» WHAT IS NEEDED
Could you output each line below exactly as it appears, excluding any pictures?

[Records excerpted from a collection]
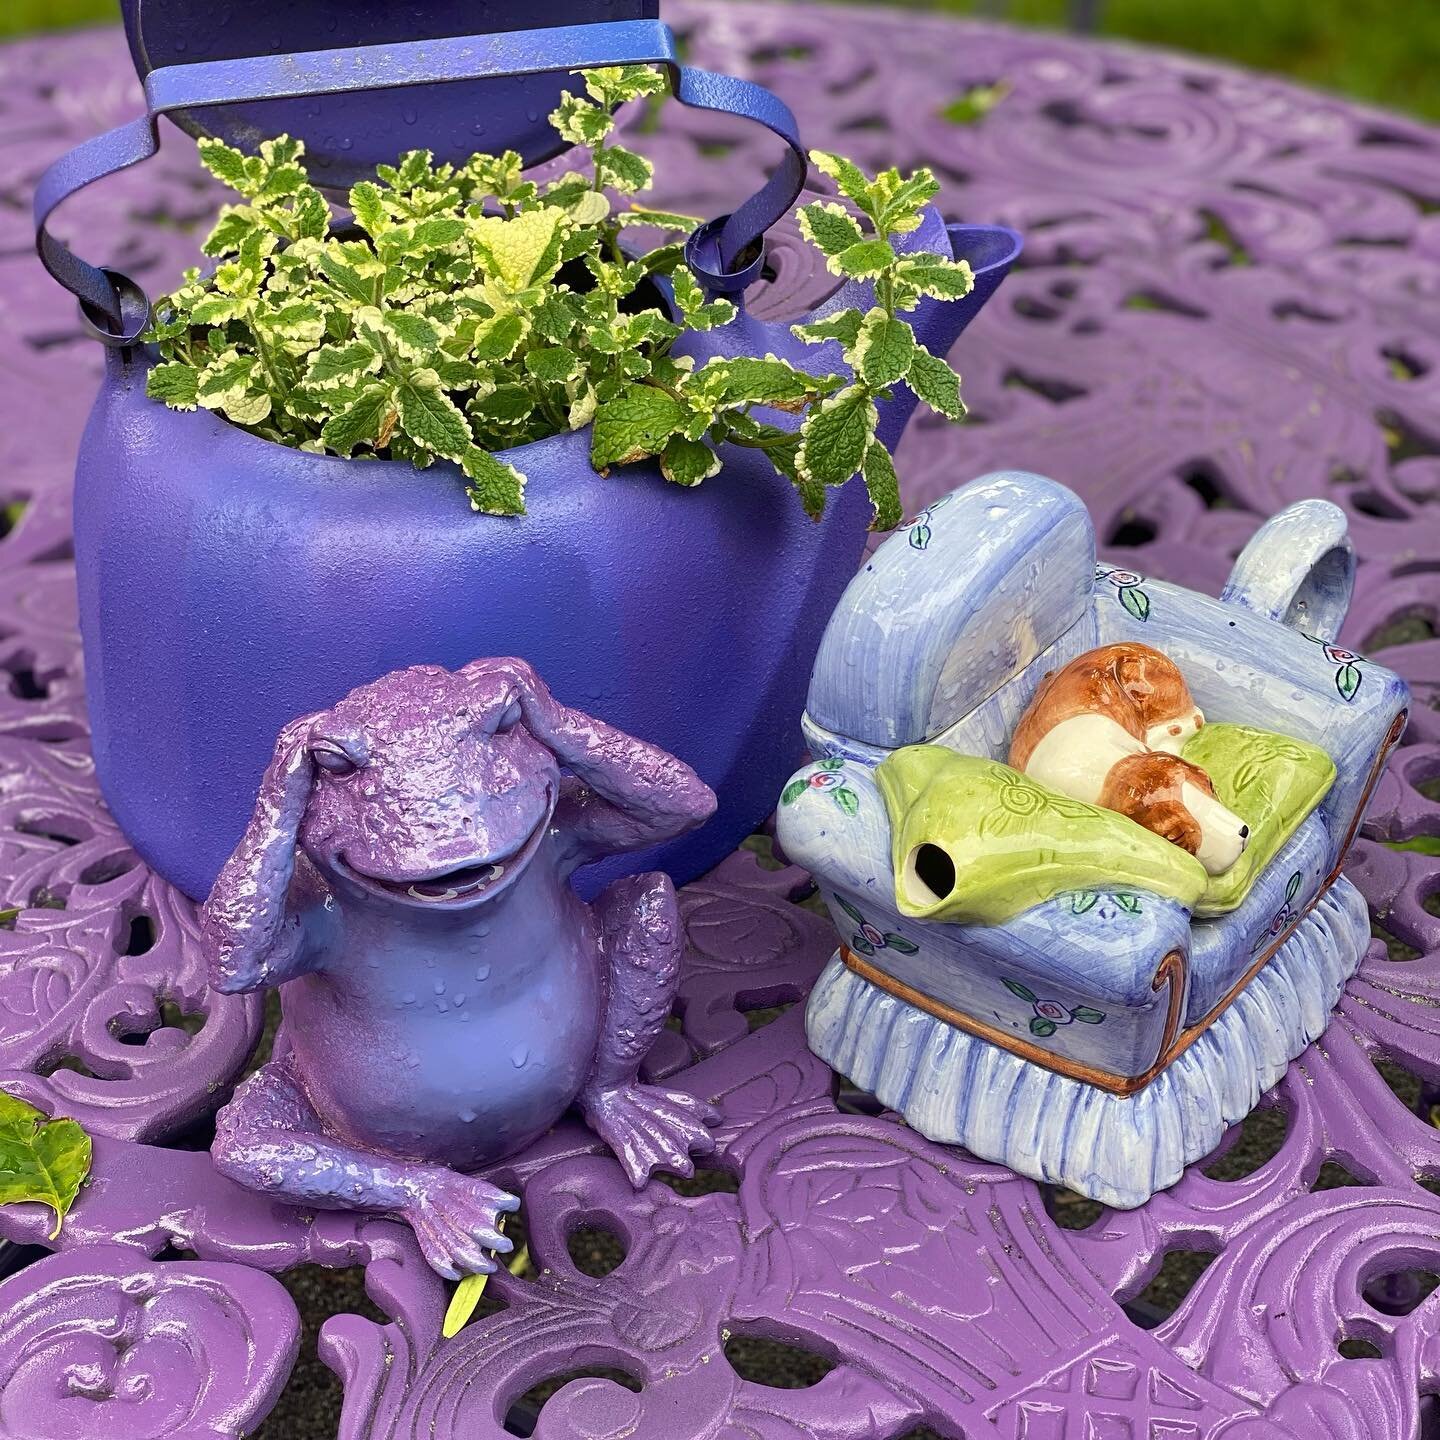 The Purple Frog Tea Room at Magical Moon Farm &amp; Foundation 🍵 
.
.
.
.
.
#magicalmoon #magicalmoonfarm #magicalmoonfoundation #marshfieldma #tearoom
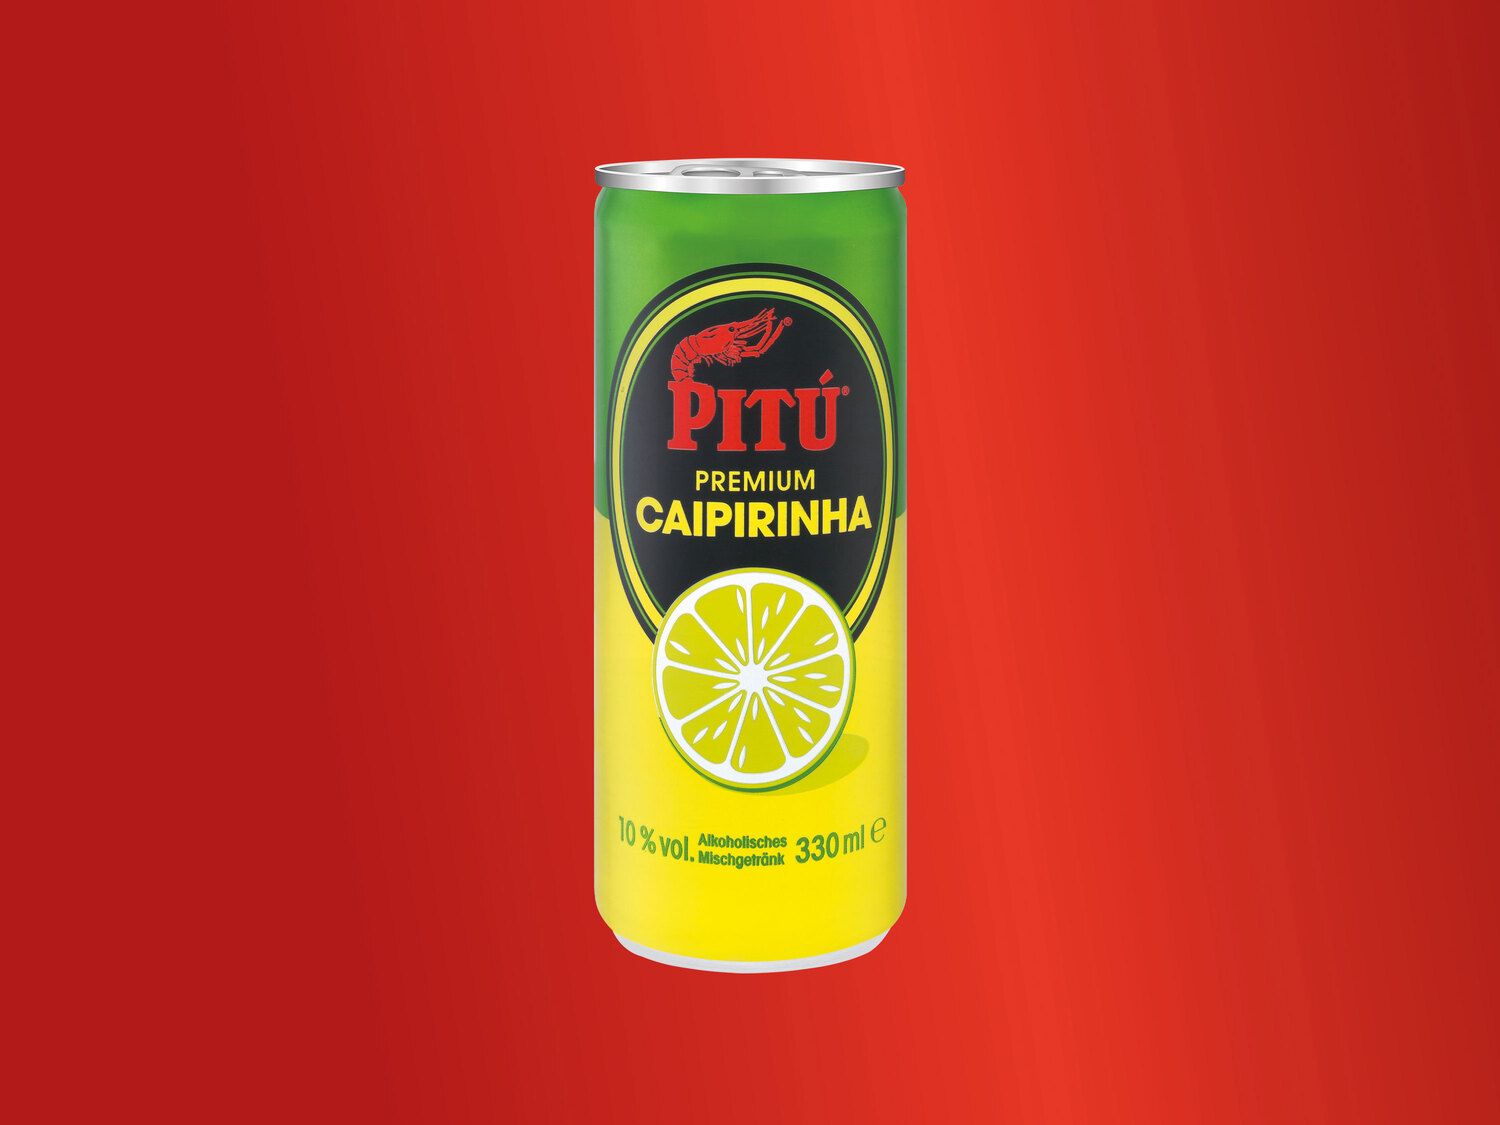 Premium - Caipirinha Pitú Lidl Deutschland

» WRITTEN RESPONSE
 The Purple Frog Tea Room at Magical Moon Farm &amp; Foundation 🍵 
.
.
.
.
.
#magicalmoon #magicalmoonfarm #magicalmoonfoundation #marshfieldma #tearoom
 Premium - Caipirinha Pitú Lidl Deutschland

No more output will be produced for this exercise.